◆ Given information:
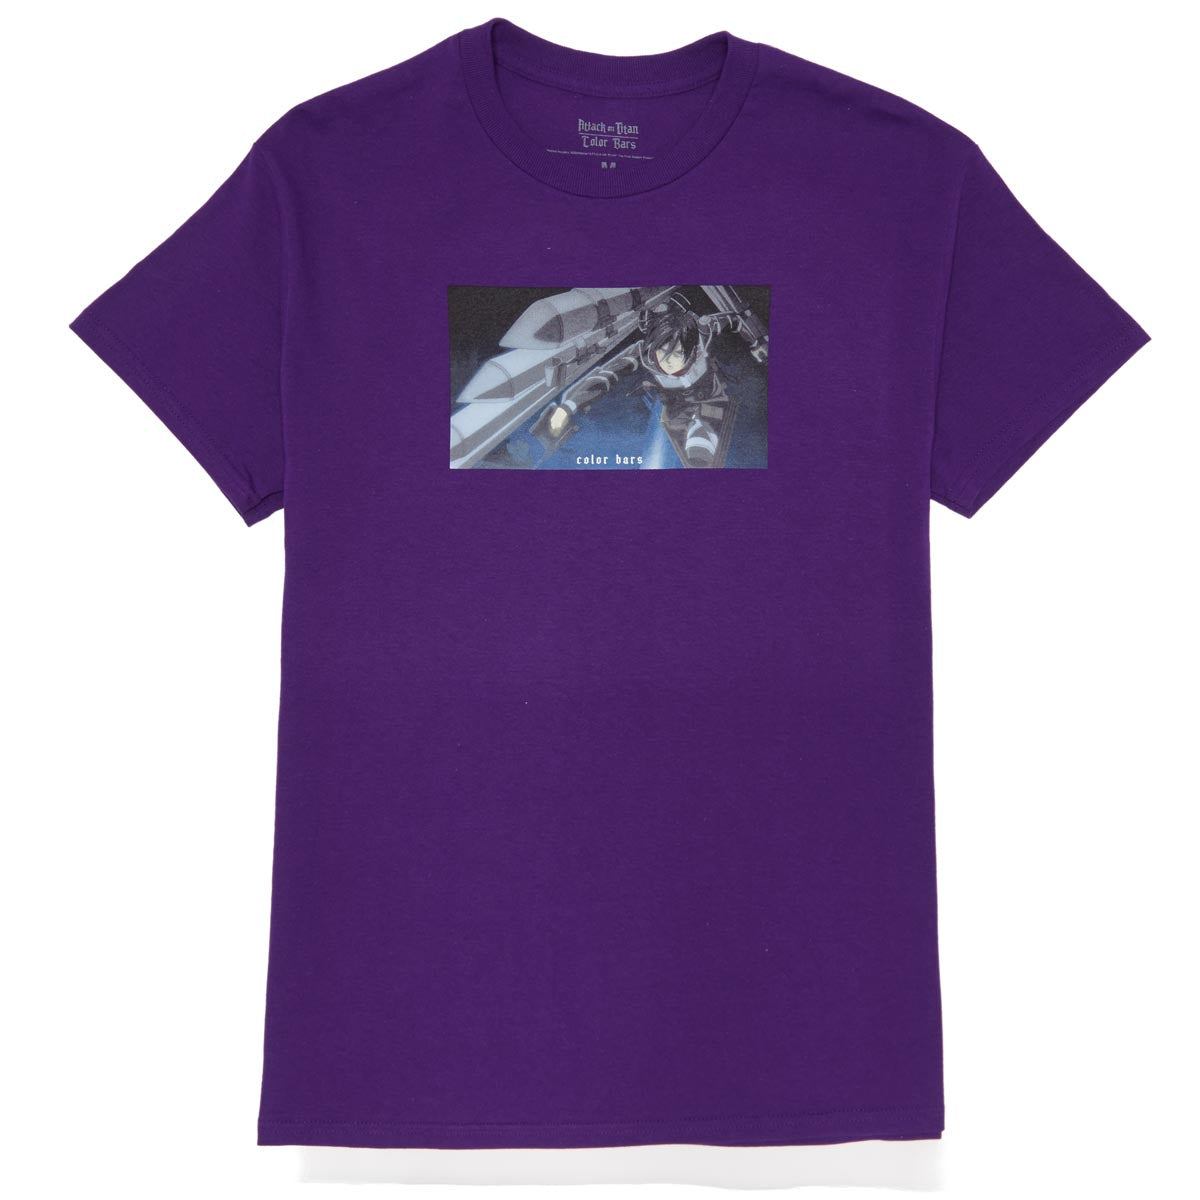 Color Bars x Attack on Titan Brigade T-Shirt - Purple image 1
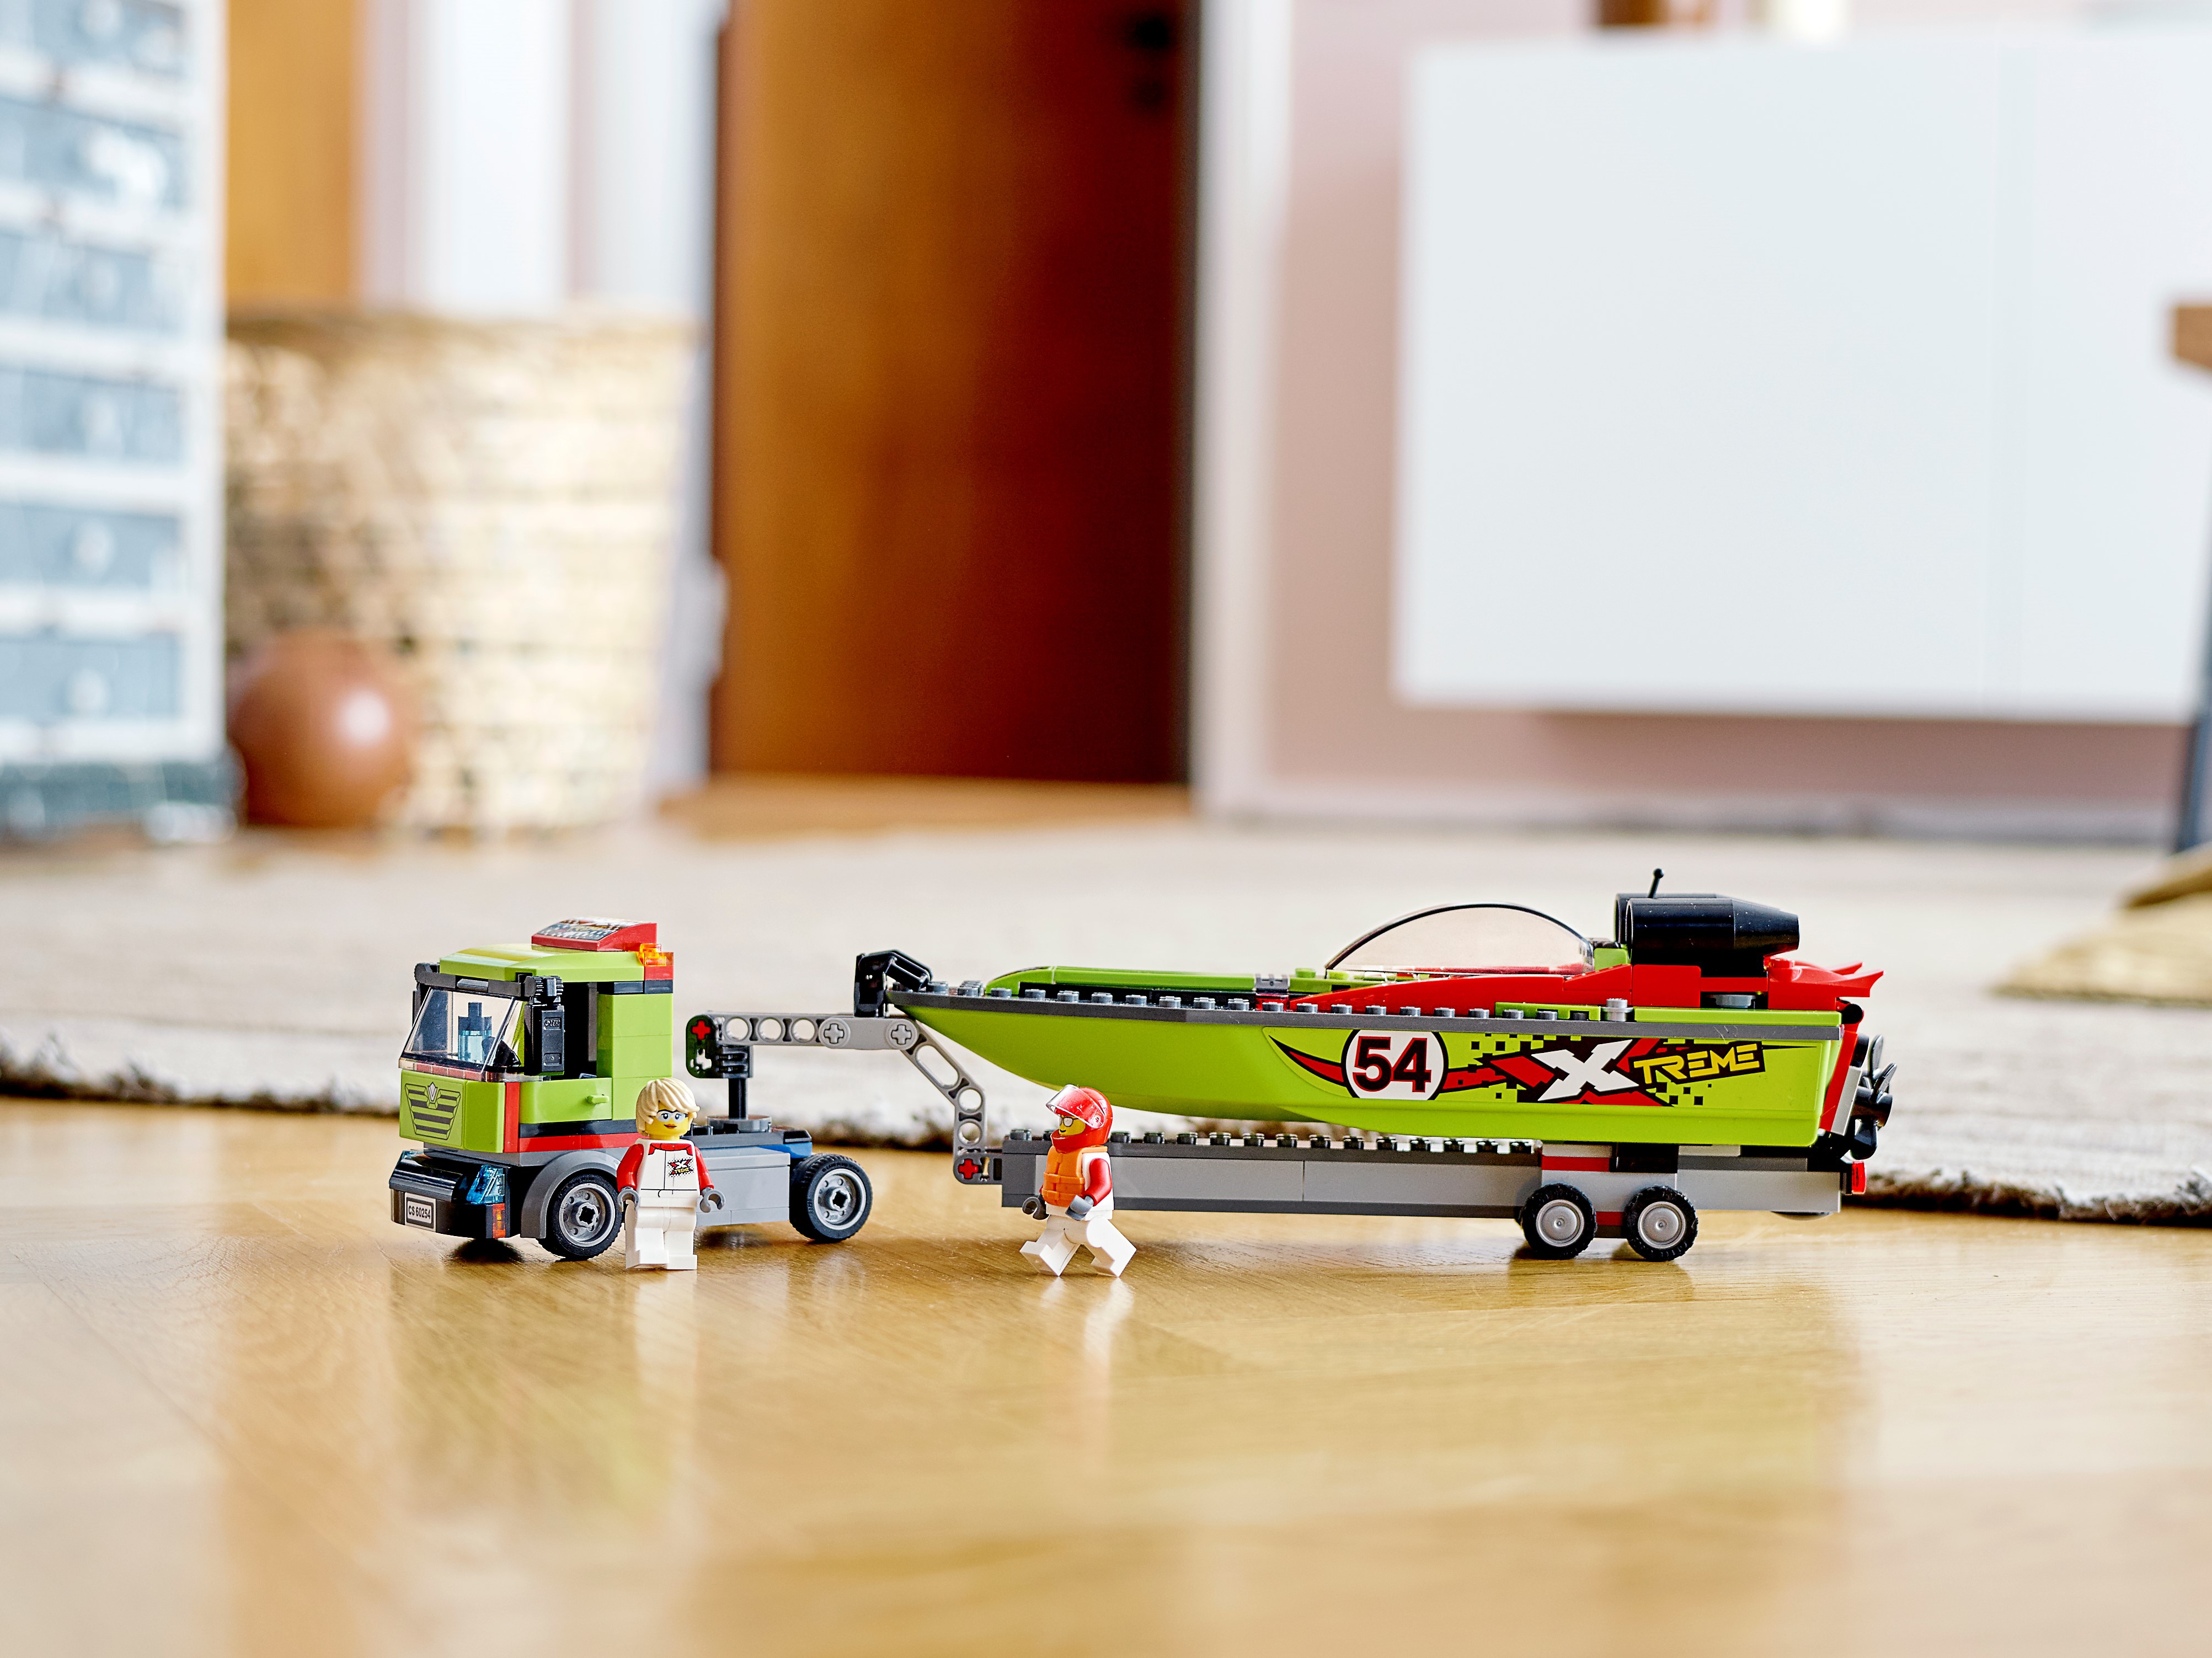 uudgrundelig Gå rundt Arbejdsløs Race Boat Transporter 60254 | City | Buy online at the Official LEGO® Shop  US
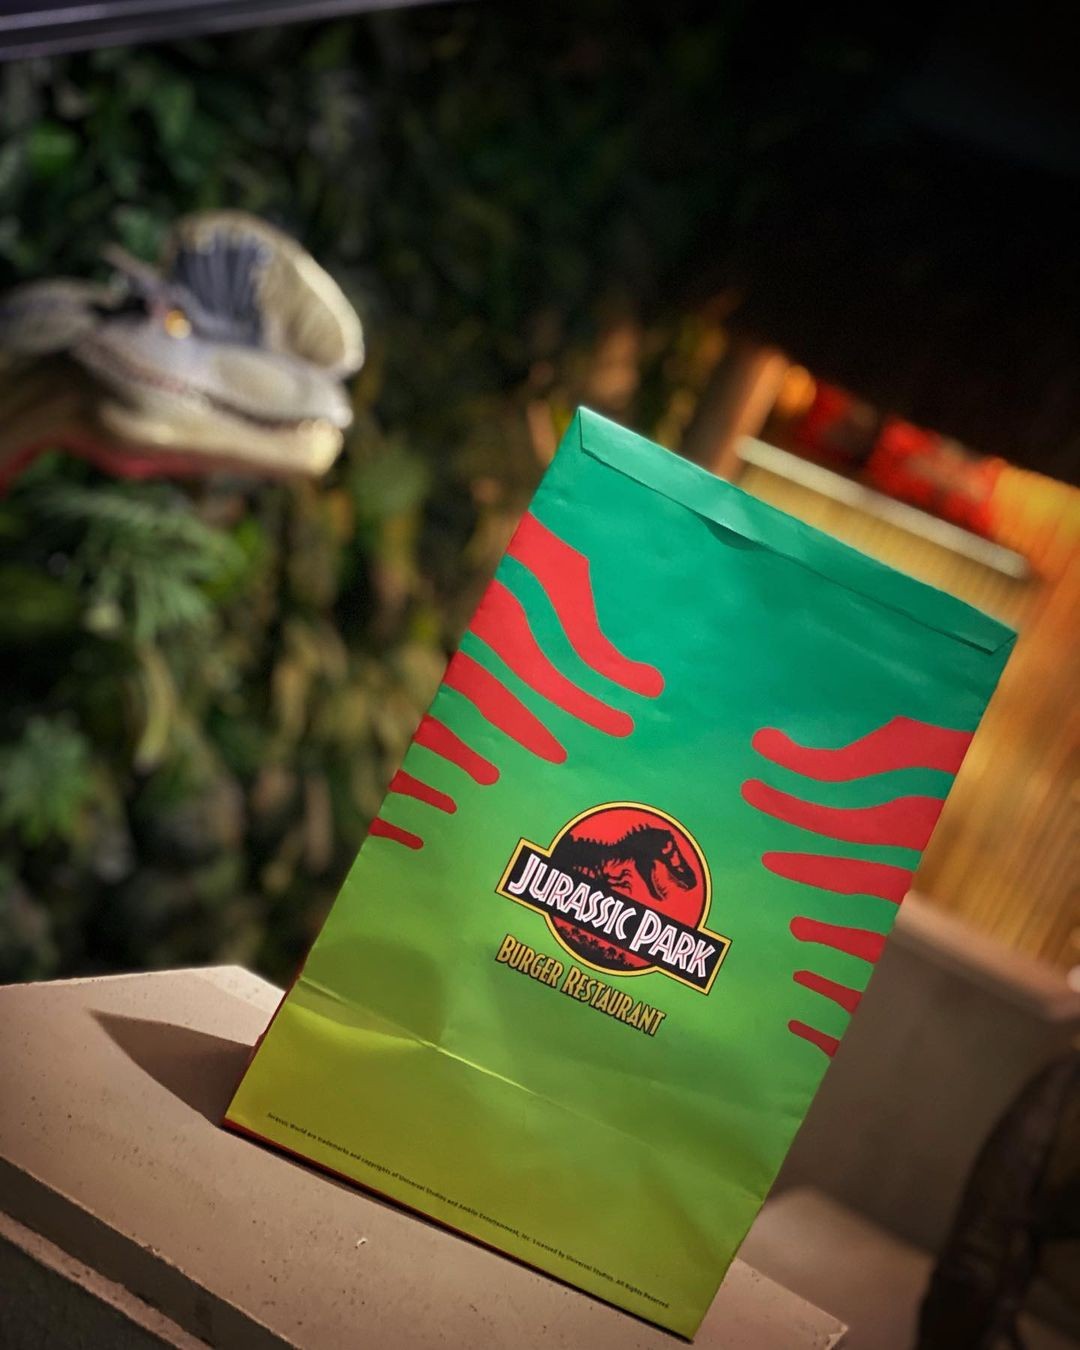 São Paulo terá hamburgueria temática inspirada em Jurassic Park (Foto: Reprodução/ Instagram)

◆ Work item:
When you copy the data above, keep each line exact and omit the pictures.

◆ Answer to this task:
 Color Bars x Attack on Titan Brigade T-Shirt - Purple image 1
 uudgrundelig Gå rundt Arbejdsløs Race Boat Transporter 60254 | City | Buy online at the Official LEGO® Shop  US
 São Paulo terá hamburgueria temática inspirada em Jurassic Park (Foto: Reprodução/ Instagram)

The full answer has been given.